Tyrissa stepped out of their carriage as their
turn arrived, circling around to open the opposite door for her client and
scanning the organized chaos for potential threats. The air held a touch of
chill as the light of an autumn day died away to the west

When she exited the carriage, Olivianna had
donned her mask of convincing smiles and dark shining eyes, appearing every bit
happy to be here and oblivious to any inkling that she had anything less than
an equally grand entrance. Tyrissa fell in behind her as a second, leased
shadow, accessory and security. As they ascended the wide stairs to the
entrance, Olivianna nodded or gave faint waves to other attendees. Of the
pensive, silent girl in the carriage there was no sign. It was a skill Tyrissa
could only imagine, the effortless switching between personalities. Alvedo was
more like Zeris of Many Masks than she thought.

According to
A King Brought Low
, the
merchants disposed of the Khalan royal family out of frustration with their
extravagant spending and debts. As they crossed into the entry hall, Tyrissa
questioned that version of events. Lavish paintings of fanciful lakeside scenes
covered the walls, each with ornate, gilded frames. An array of crystalline
chandeliers and gilded lamps hung from the ceiling, their combined lights
sparkling in a constellation of excess. At either end of the hall, wide
carpeted stairways curved up to the second floor, split in half by brass
handrails that shone from polish.

Attendants split away from their employers as the
stream of theater-goers reached a line of ushers dressed in black coats
emblazoned with the crest of the Palace Theater, a wireframe outline of the
building’s façade.

“You name, madam?”

“Olivianna Alvedo.”

“Alvedo… Alvedo… ah,” he flipped over to a second
page, “You are a guest of Irenae van Braun. You’ve only one guard tonight?”

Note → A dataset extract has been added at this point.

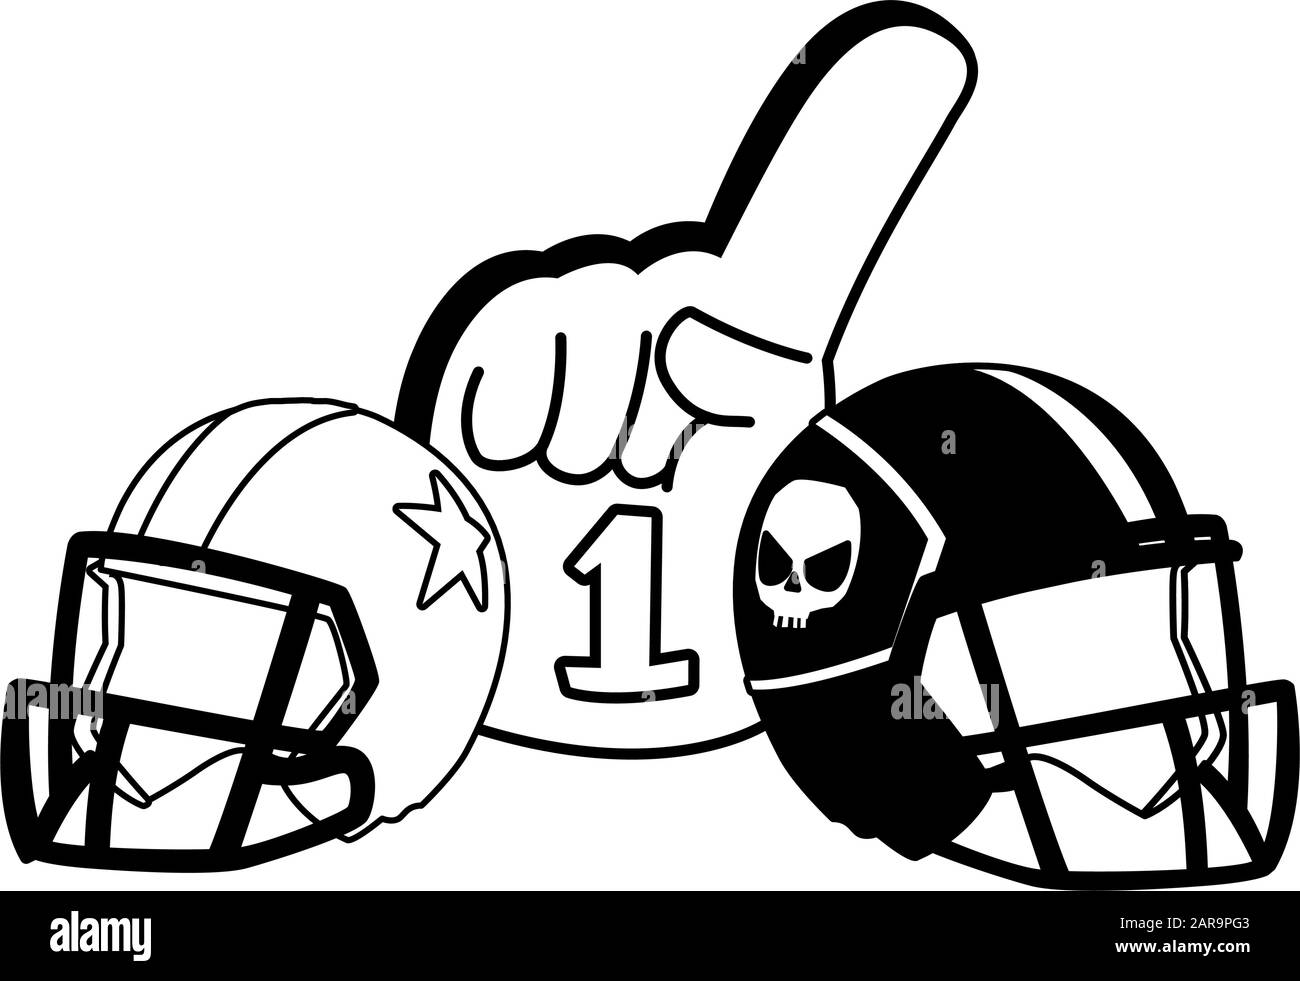 american football helmets and hand gloves on white background vector illustration design Stock Vector

The brief tightening of her eyes spoke volumes.
This man had not the time to be impressed or otherwise with Olivianna. Tyrissa
kept a straight face. The night was going
well.

“Yes.”

He motioned to a clearly overworked usher and
said, “Box Two.”

As they crossed the lavish foyer, Tyrissa caught
sight of promotional posters for tonight show. ‘A long term winter engagement,’
they said, ‘The Master Bard from the Evelands: Giroon the Great.’ Tyrissa
recognized the name from the introduction to
Tales from Across the North
,
and had seen it mentioned here and there since.